*** DATA SEGMENT Section Begins ***

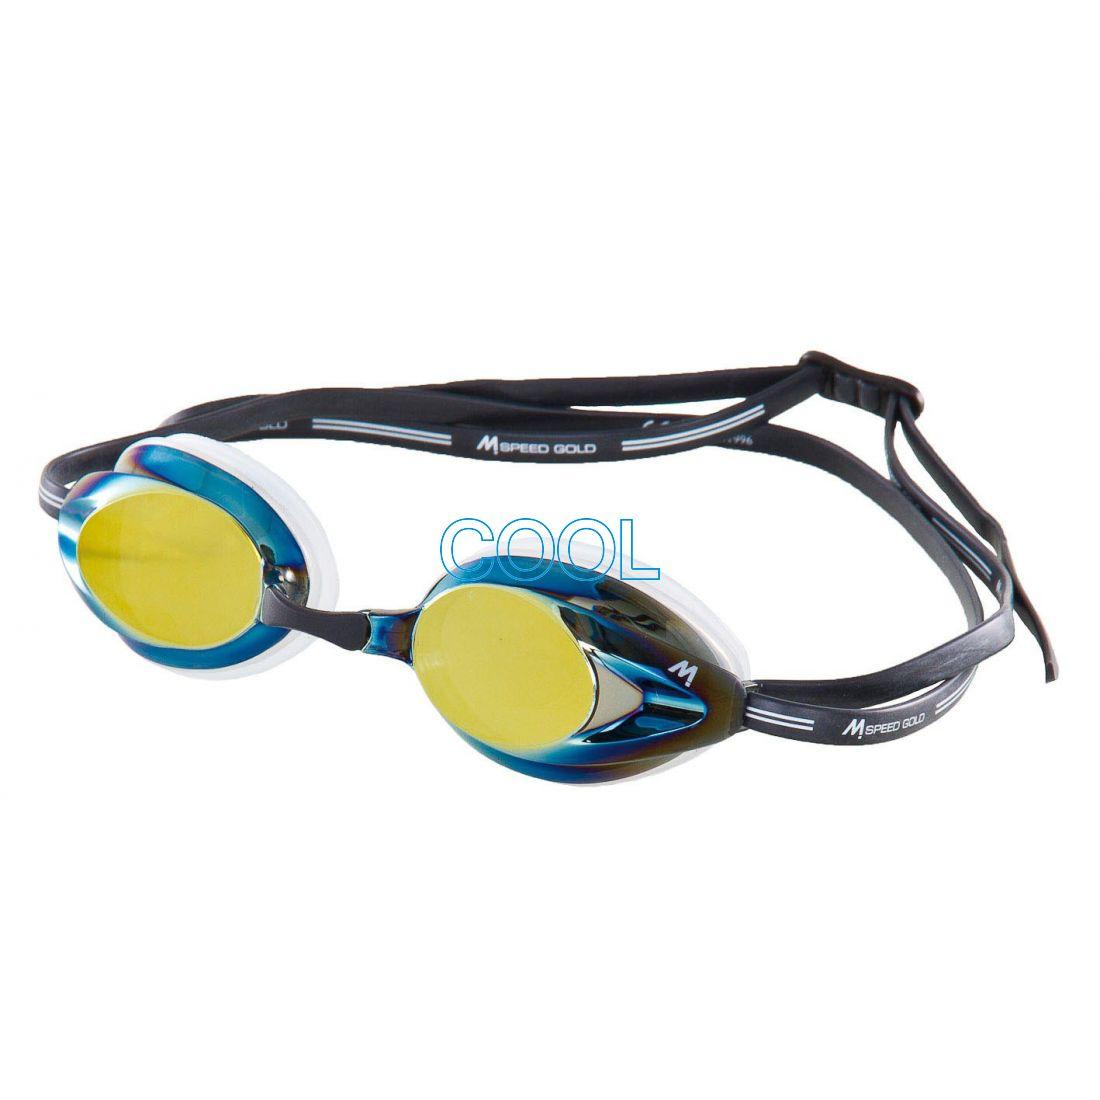 8d2ce596e cool - Plávanie - Okuliare - MOSCONI SPEED GOLD pretekárske plavecké ...
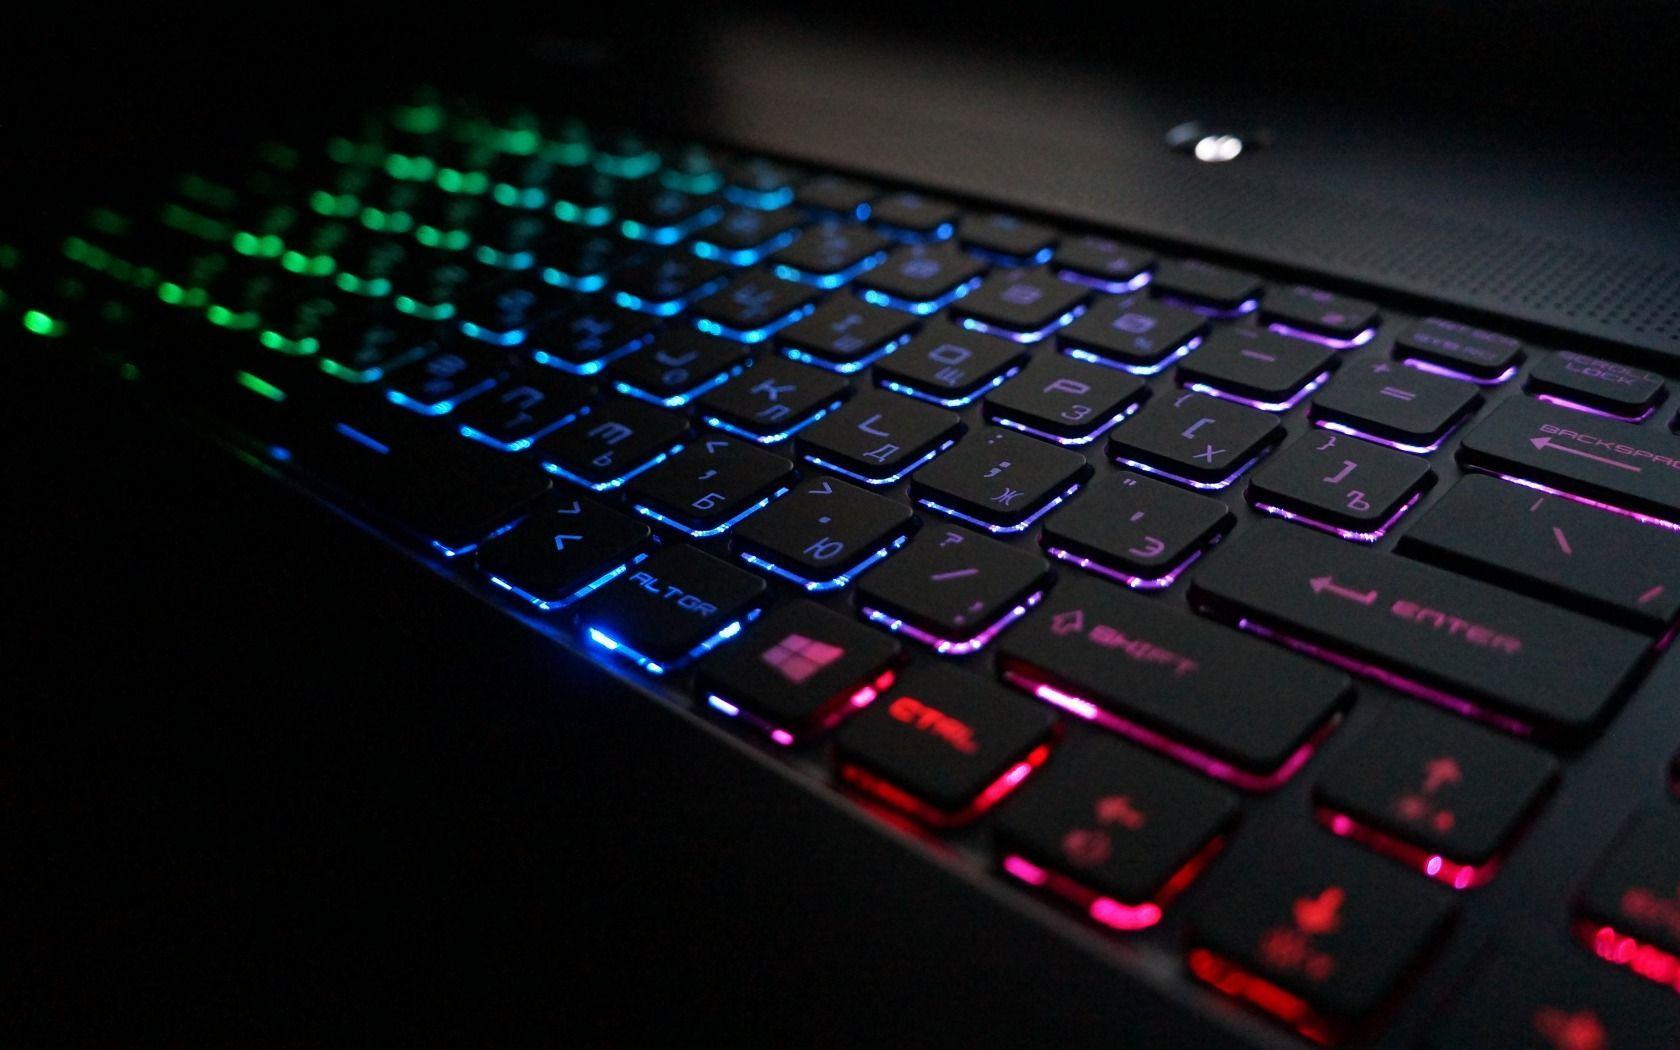 Keyboard Wallpapers Top Free Keyboard Backgrounds Wallpaperaccess
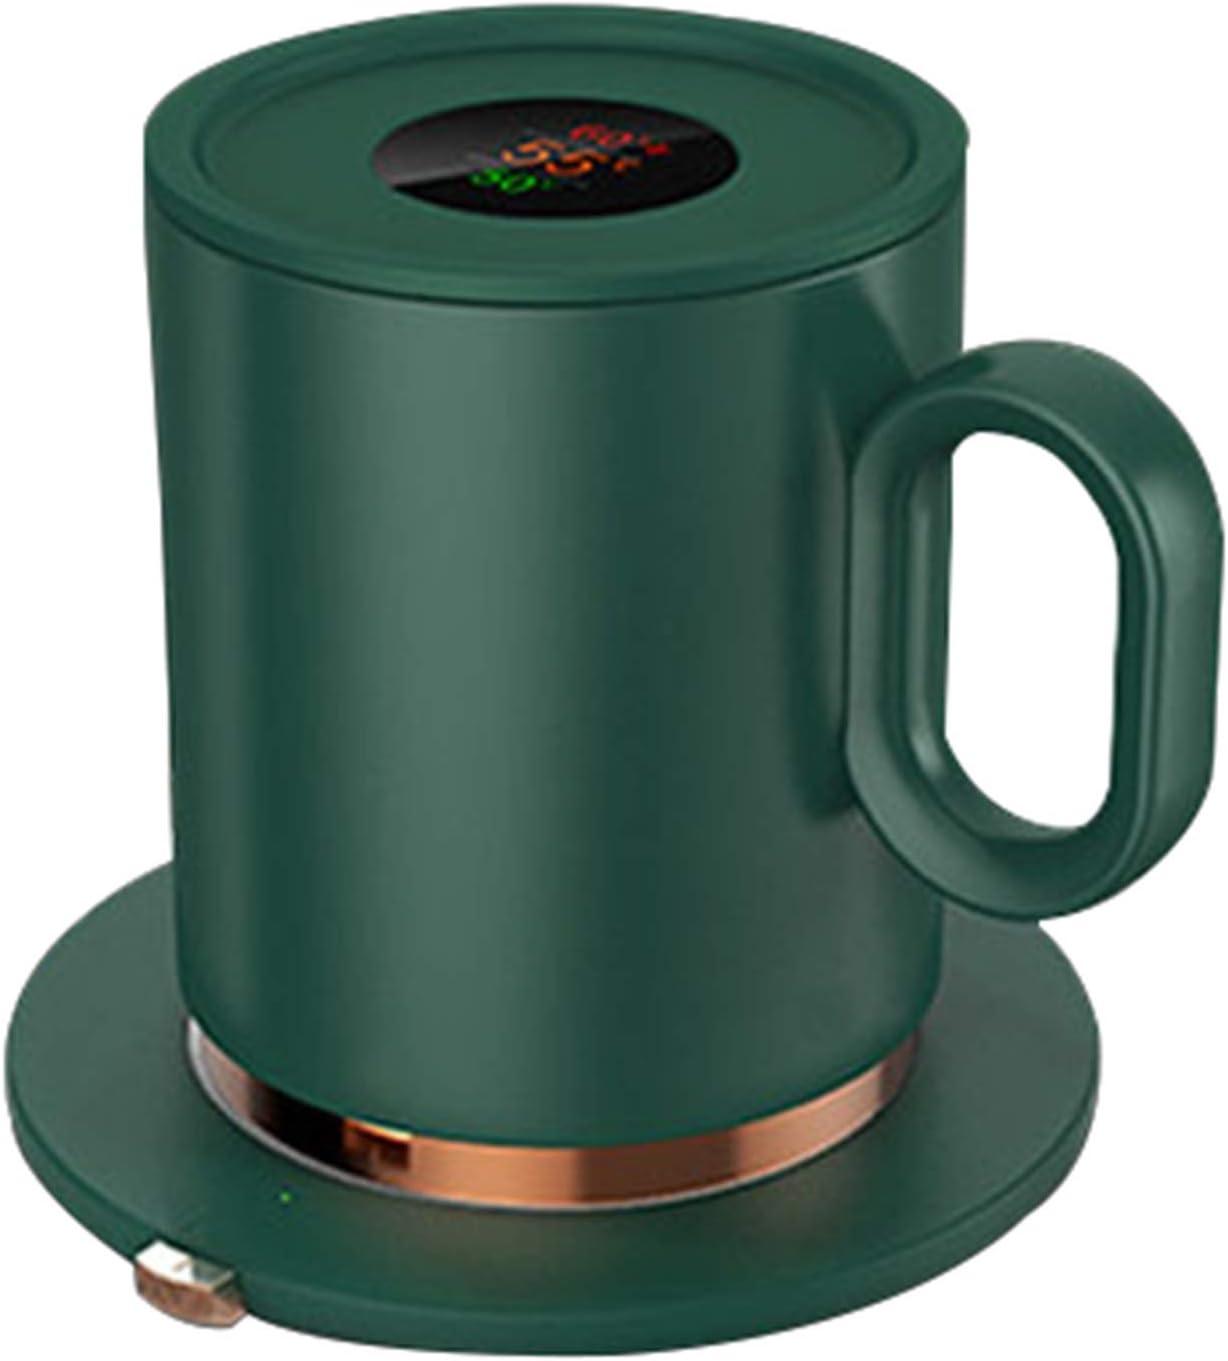 Coffee Fashion Mug Warmer Smart with D 2021

*** DATA SEGMENT Section Ends ***

Each line of the listing must be restated word for word, and the pictures left out.

 8d2ce596e cool - Plávanie - Okuliare - MOSCONI SPEED GOLD pretekárske plavecké ...
 Keyboard Wallpapers Top Free Keyboard Backgrounds Wallpaperaccess
 Coffee Fashion Mug Warmer Smart with D 2021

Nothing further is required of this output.